When they were new, they were already so beautiful. And how times can change, we read in 1984 in Keesings Autopraktijkboek: The choice between a four or six cylinder will be a matter of budget. But so much is the two-liter not inferior to its somewhat heavier brother, the six-cylinder.
Write off firmly
There were serious warnings against the fact that a buyer at the time had to seriously consider writing off his pride. In the first two years, the Alfa was worth about 20.000 guilders less. In the third year, an extra eight grand had to be written off. The Alfas were in great demand second-hand. Because after 'the head was off', such a GTV was a fantastic, beautiful, dynamic car for a clear price.
Preferably not as a 'trade-in'
As third or fourth hand he was a lot more difficult in the market because 'the market' assumed in that phase that the car had been handled roughly and quickly. And that could just add up. Oh yes: by that time such an Alfa Romeo GTV often started to rust.

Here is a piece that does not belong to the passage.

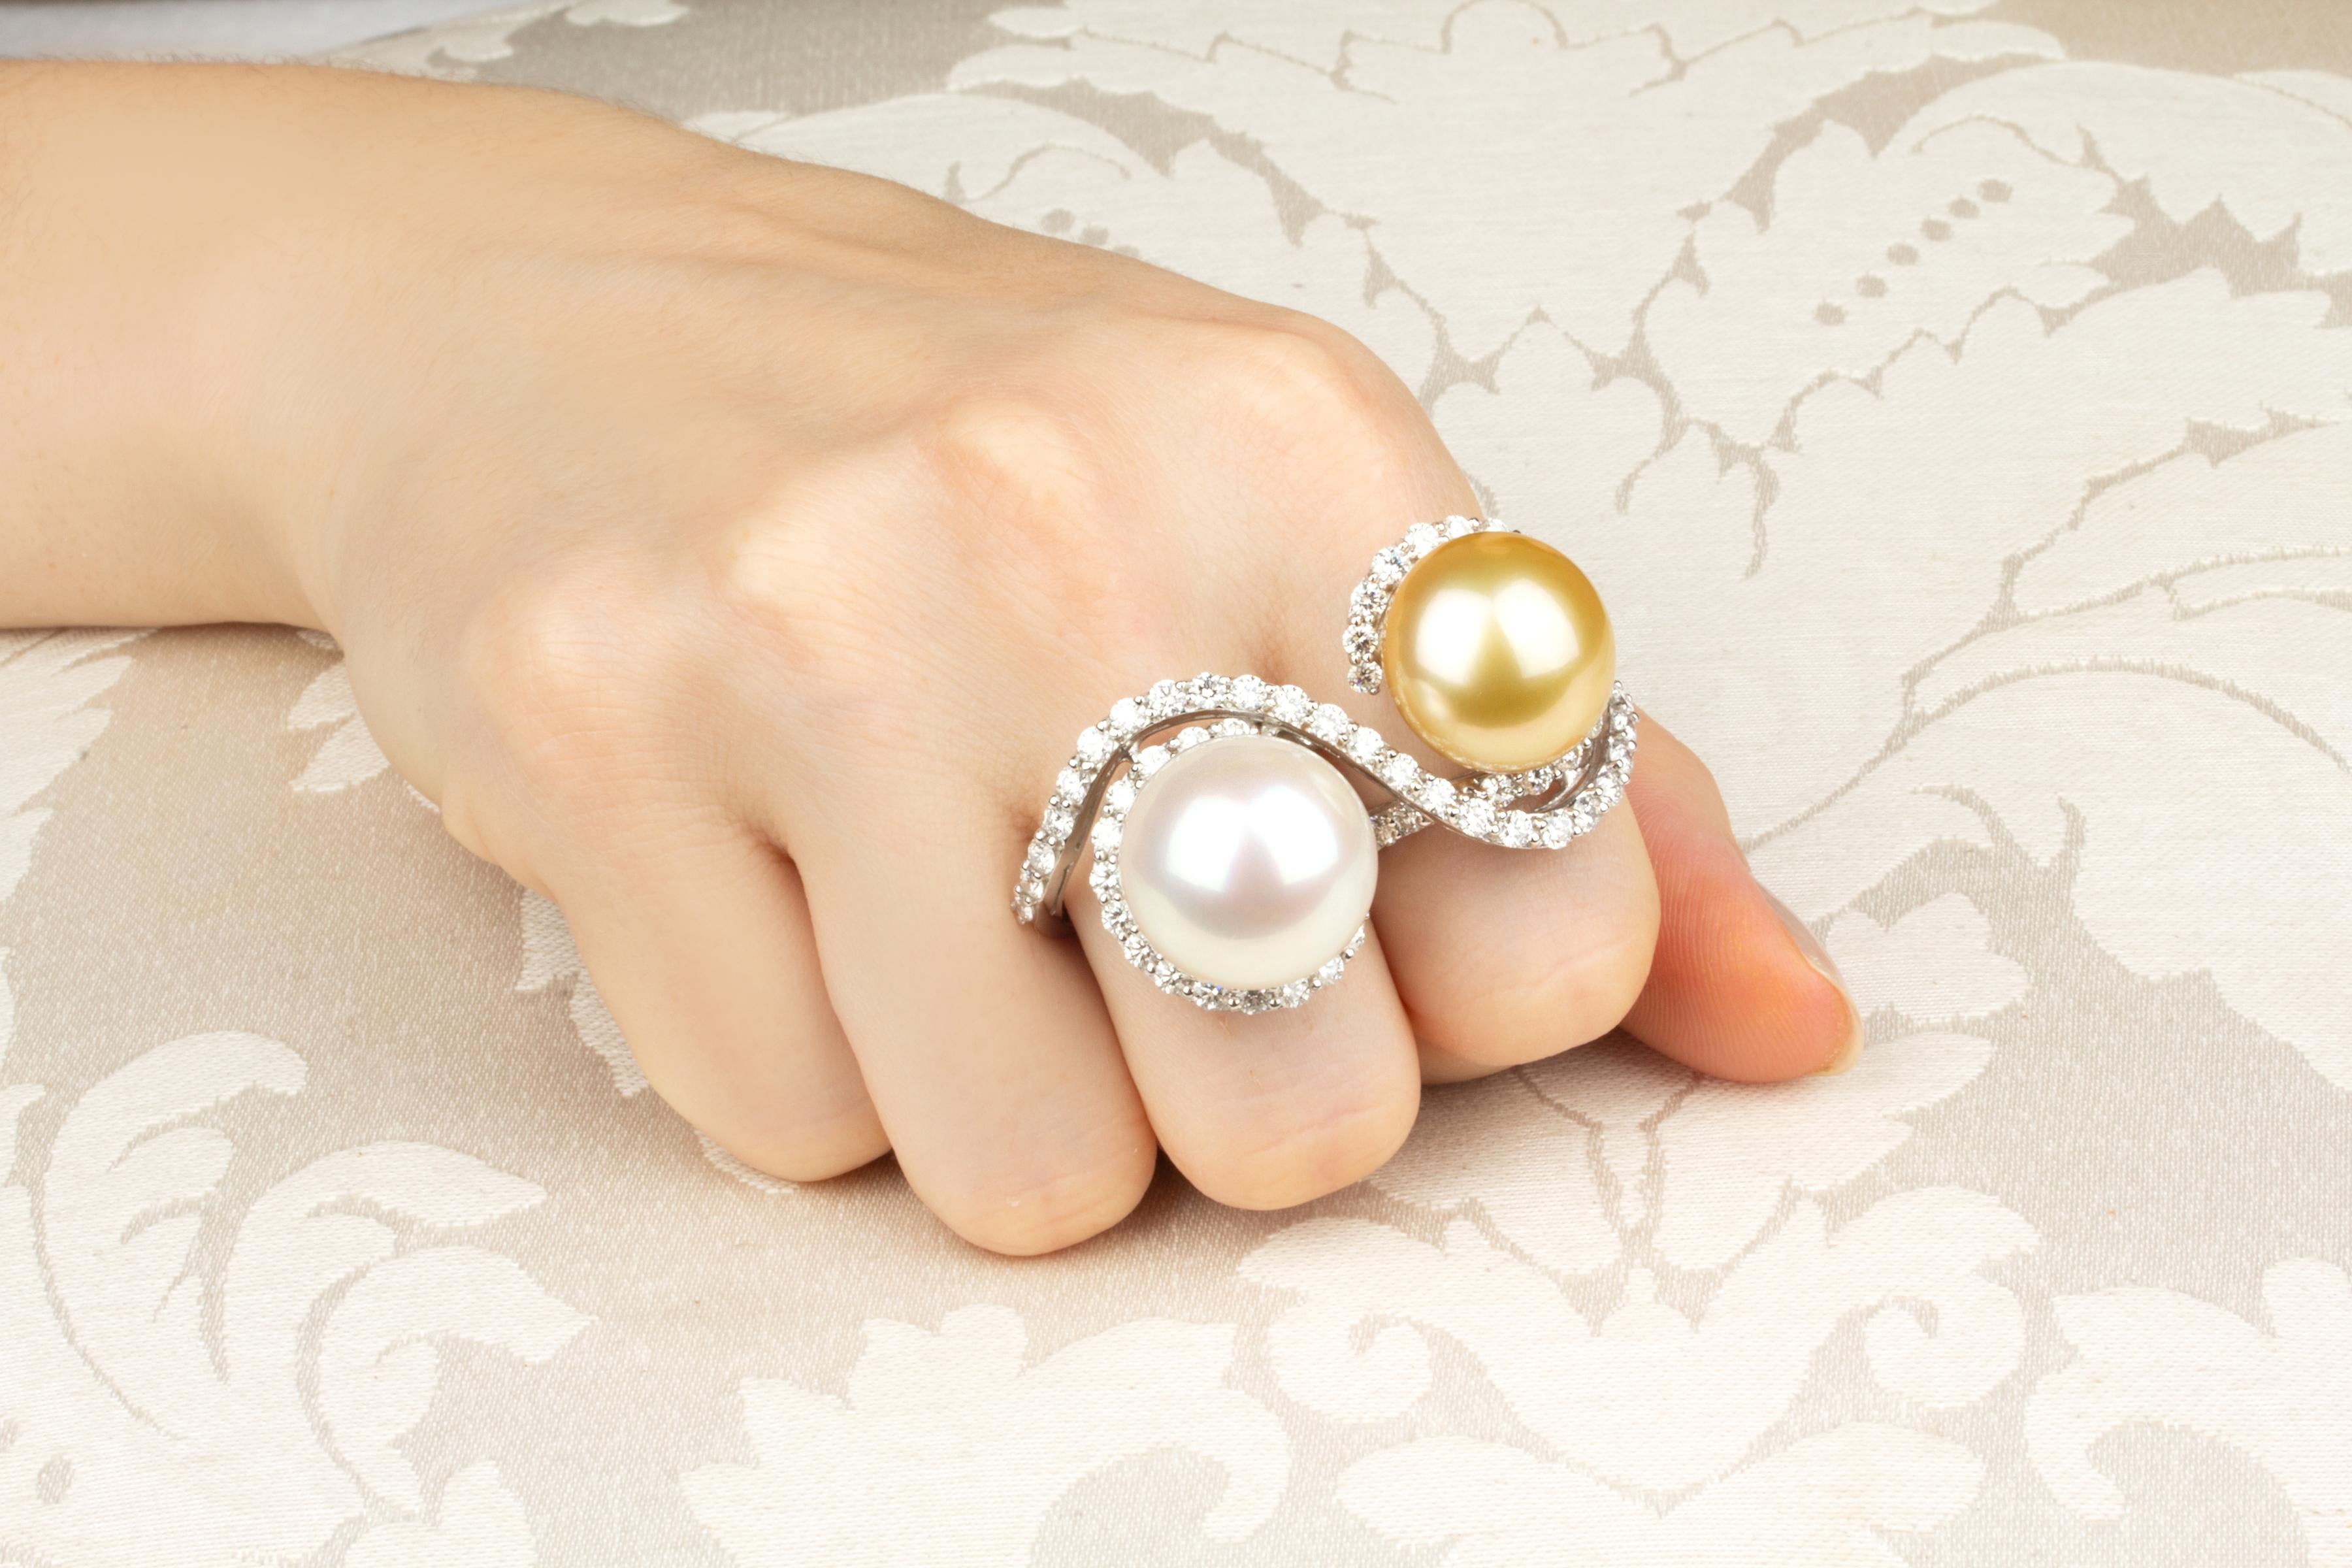 This two-finger pearl and diamond ring features a splendid Australian South Sea pearl and an equally splendid golden pearl, both of 17mm diameter. The untreated pearls display a fine quality nacre and their natural color and luster have not been

The Alfa Romeo GTV did not have a folding rear seat. That limited the practical possibilities. But with so much beauty, it is all too easy to leave basic practicality as a family car for what it is. On the other hand: Such a GTV had three doors. The luggage compartment was also so large that you could seriously travel because there was much more space available than for a toothbrush and a set of clean socks. You don't have to expect more for a car that is set up as a 2 + 2 car. Taking two adults in the back seat was never more than an emergency solution. And hey, such a ride did not have to take long. After all, the four-cylinder GTV was good for about 190 km / h. The six-seater ran 200 or just over. He needed a good drink extra for that, by the way.
A delicious block
The beautiful four-cylinder - which, when used sensibly, is just as reliable as a Mercedes 200 D block. The rider just has to take the time to get the oil up to temperature - delivered 130 hp at 5400 rpm. The maximum torque of 179,5 Nm was at a relaxed 4000 rpm.
Buy to rag and throw away
The time when you bought a GTV for next to nothing to let it trot to its final resting place is really over. Correctly restored specimens are now back in the price segment they were once born for. And copies that have survived the time intact, cherished and without restoration or welding? These are rarer than rest in the tent at 50Plus.

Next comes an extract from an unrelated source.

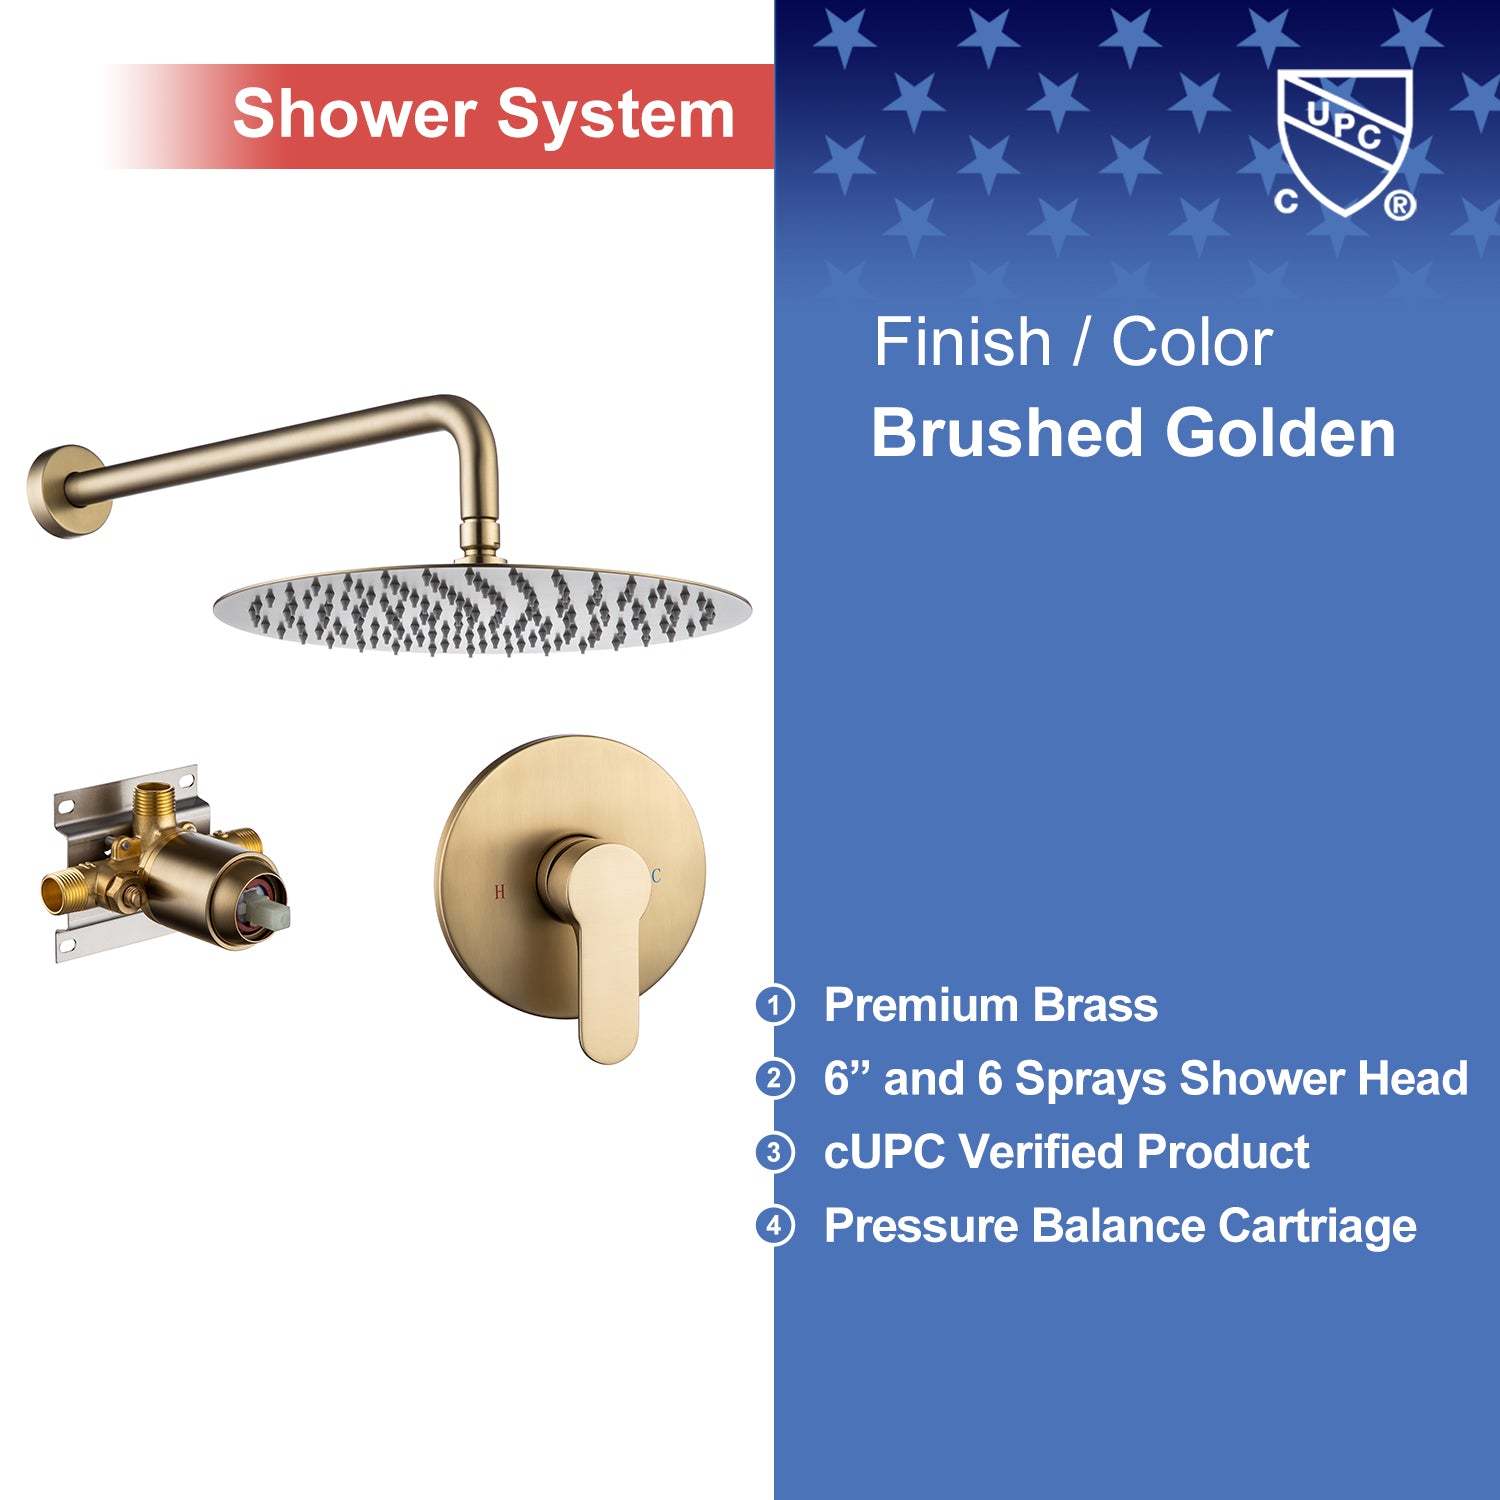 【Rainlex RX96201-10】10" Shower Head Wall-Mount  Pressure Balance Round Shower Faucet(Rough-in Valve Included)

We were therefore pleasantly surprised to hear that there was such a spotless copy including history at our advertiser De Lieshout Car Collection. Fortunately, some of our advertisers are so considerate to let us know if they have something really special. And how special this Alfa is was shown by the fact that it was reserved almost immediately after its appearance in the media. Nice is not it?